I love a good challenge from a movie...which is, frankly, a rare occurrence. So I love this movie.
I hate video games, by the way.
I think you give a very sensible appraisal of the movie.
Guess what. You can't go into people's brains. And anyway, the inside of people's brains doesn't look like a movie. (You actually don't wanna go there.)
But filmmakers who went to film school don't care about anything involving thinking. Especiallly about reality. They care about, and are taught to care about, "visuals." And so they build entire movies around awesome "visuals," instead of plots that make sense or have some basis in what actually happens out there in what is still (unaccountably, even though it is more and more populated with willing hallucinators) denominated "the real world."
What if they made a movie about actual people trying to get along in the actual world? . . . Nobody would come. An entire society ineluctably lost in mad fantasy worlds bodes well for our future, n'est pas?
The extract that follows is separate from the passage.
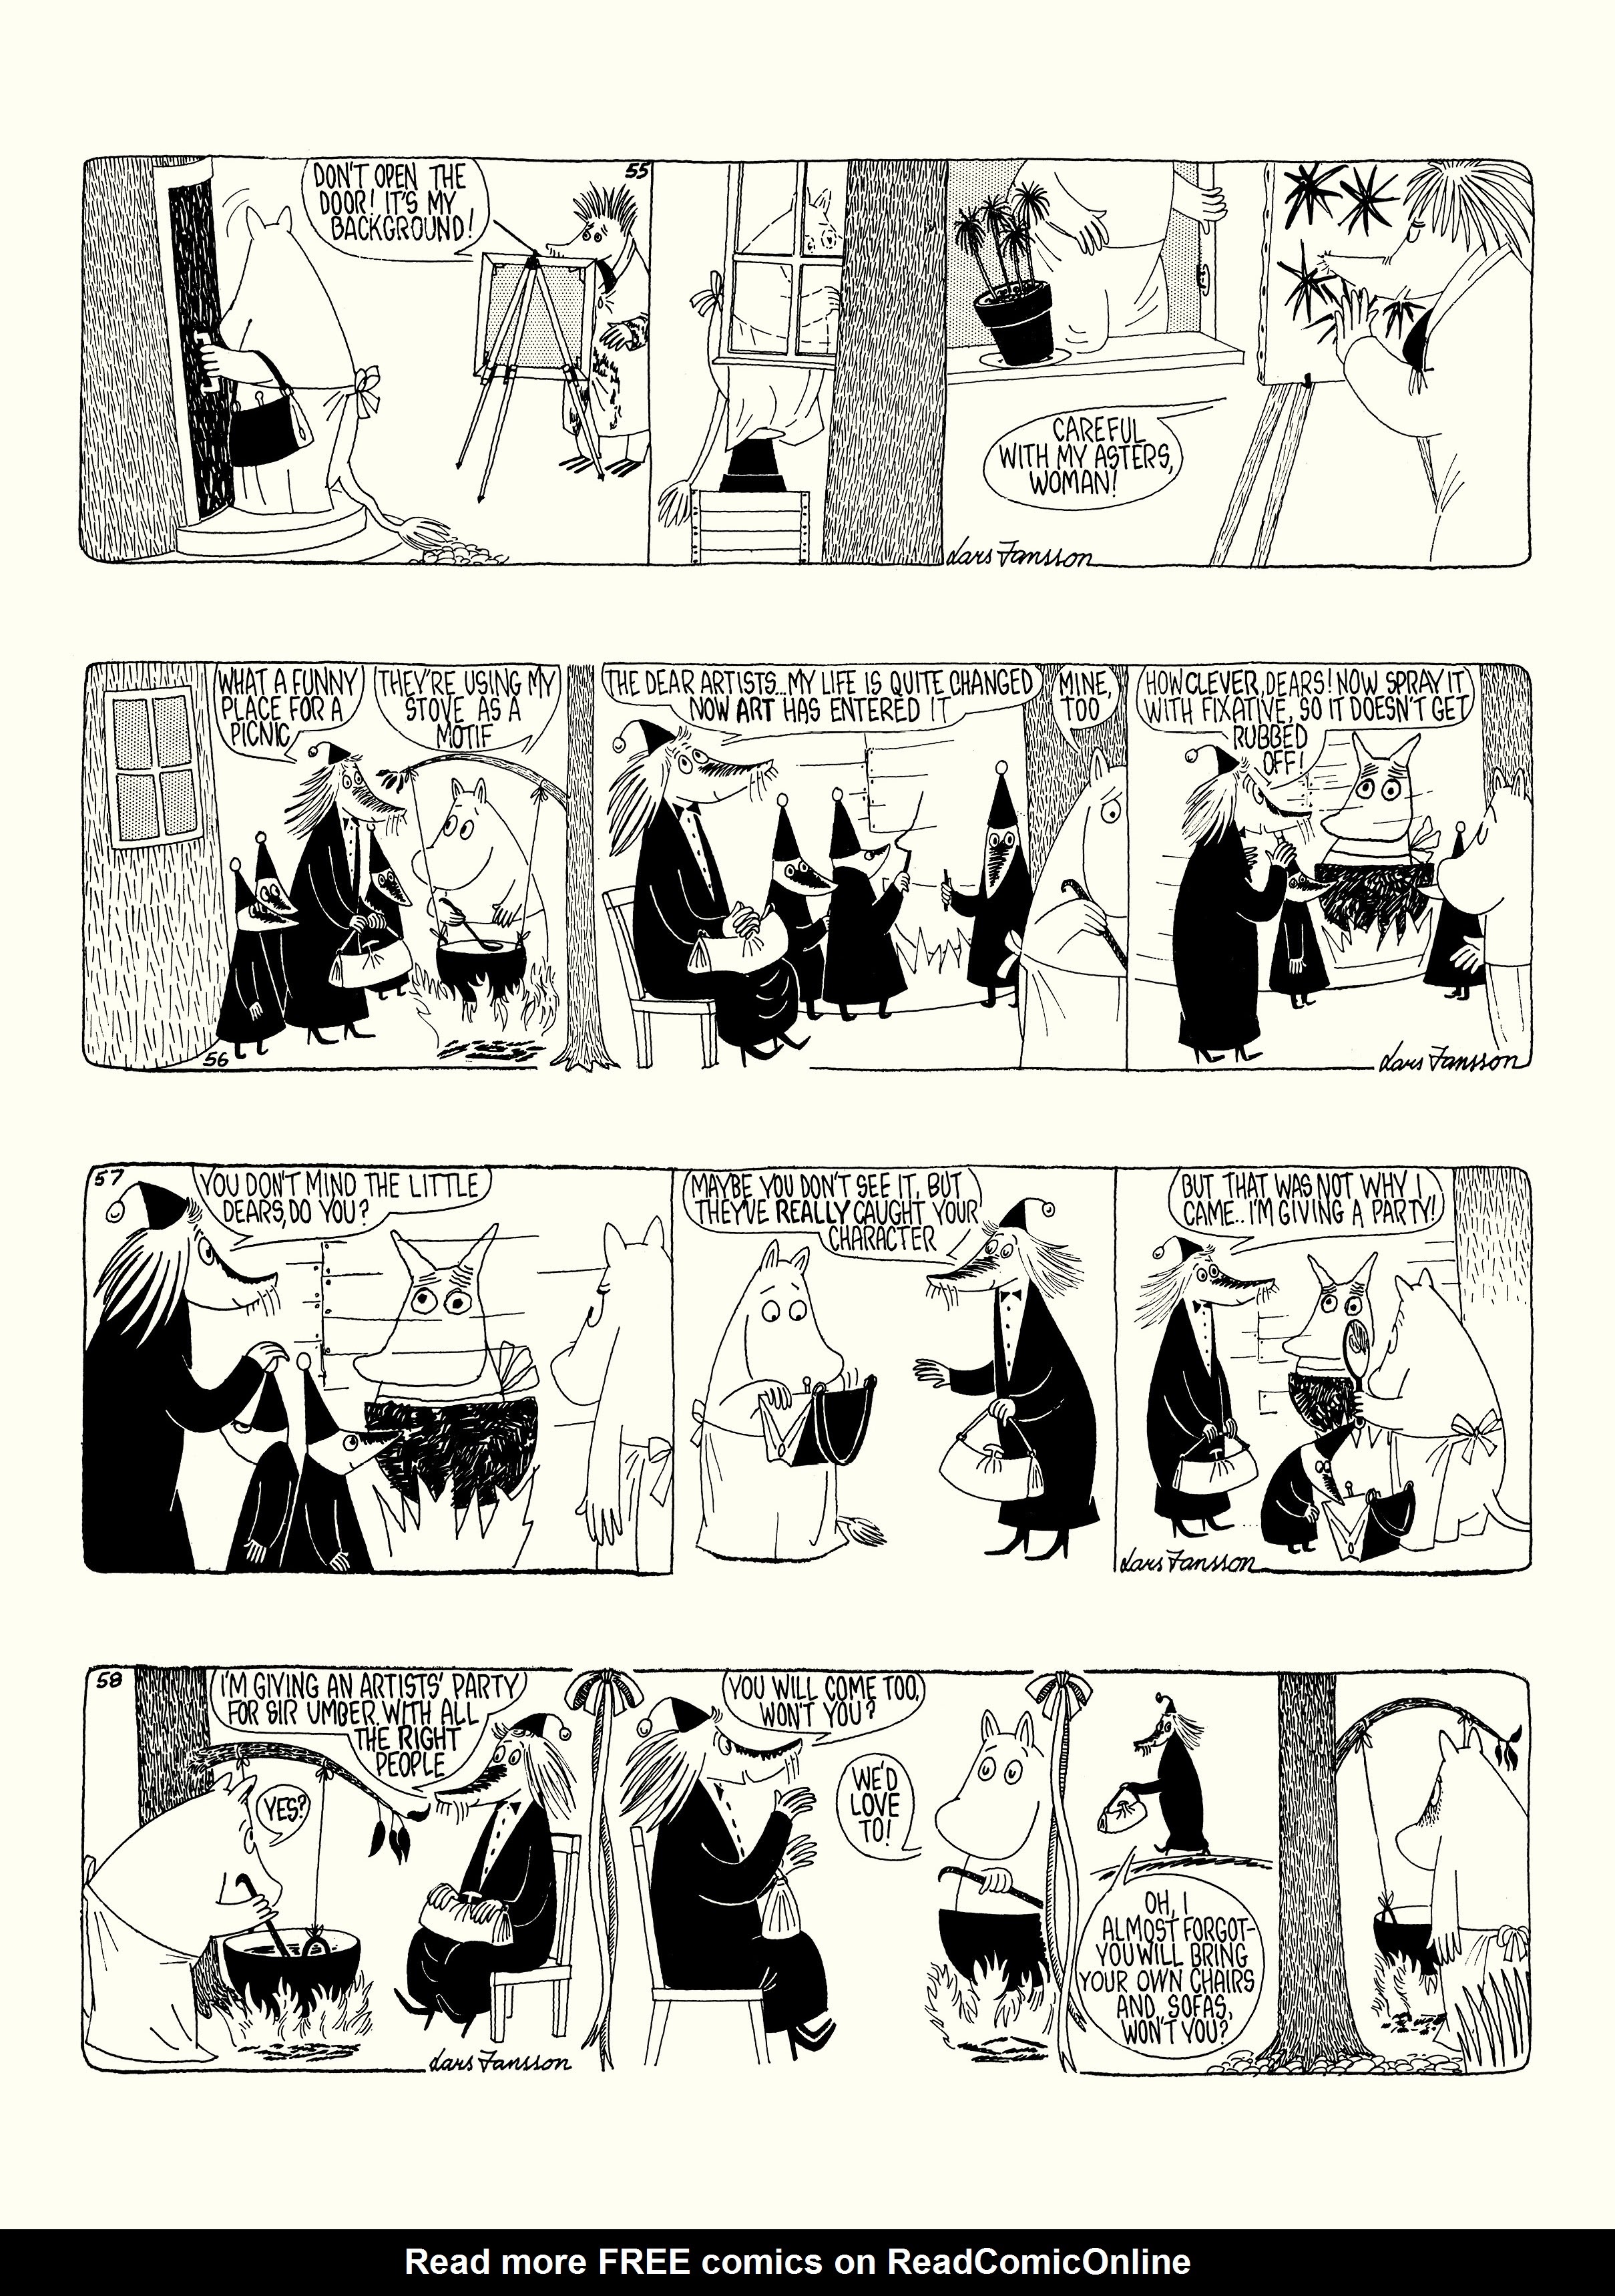 Read online Moomin: The Complete Lars Jansson Comic Strip comic -  Issue # TPB 8 - 41

And, as for John Farr, reviewing a movie on DVD is the same as critiquing a painting from a picture book. Not how it was intended to be experienced. You start out removed from the actual theatrical experience that comprises the medium, and after assimilating enough hype that no event could live up to, you choose to pass judgement on something which you admit you do not understand, but which others did.
I am not defending Inception or big budget movies. I do reject the intellectually empty exercise of reviewing what the producers of the film presented as the cinematic equivalent of a roller coaster ride (and nothing more) as a potential classic because of a few hyperbolic comments you encountered.
gee- given the fact that more and more people are watching movies at home, this does not bode well for the medium.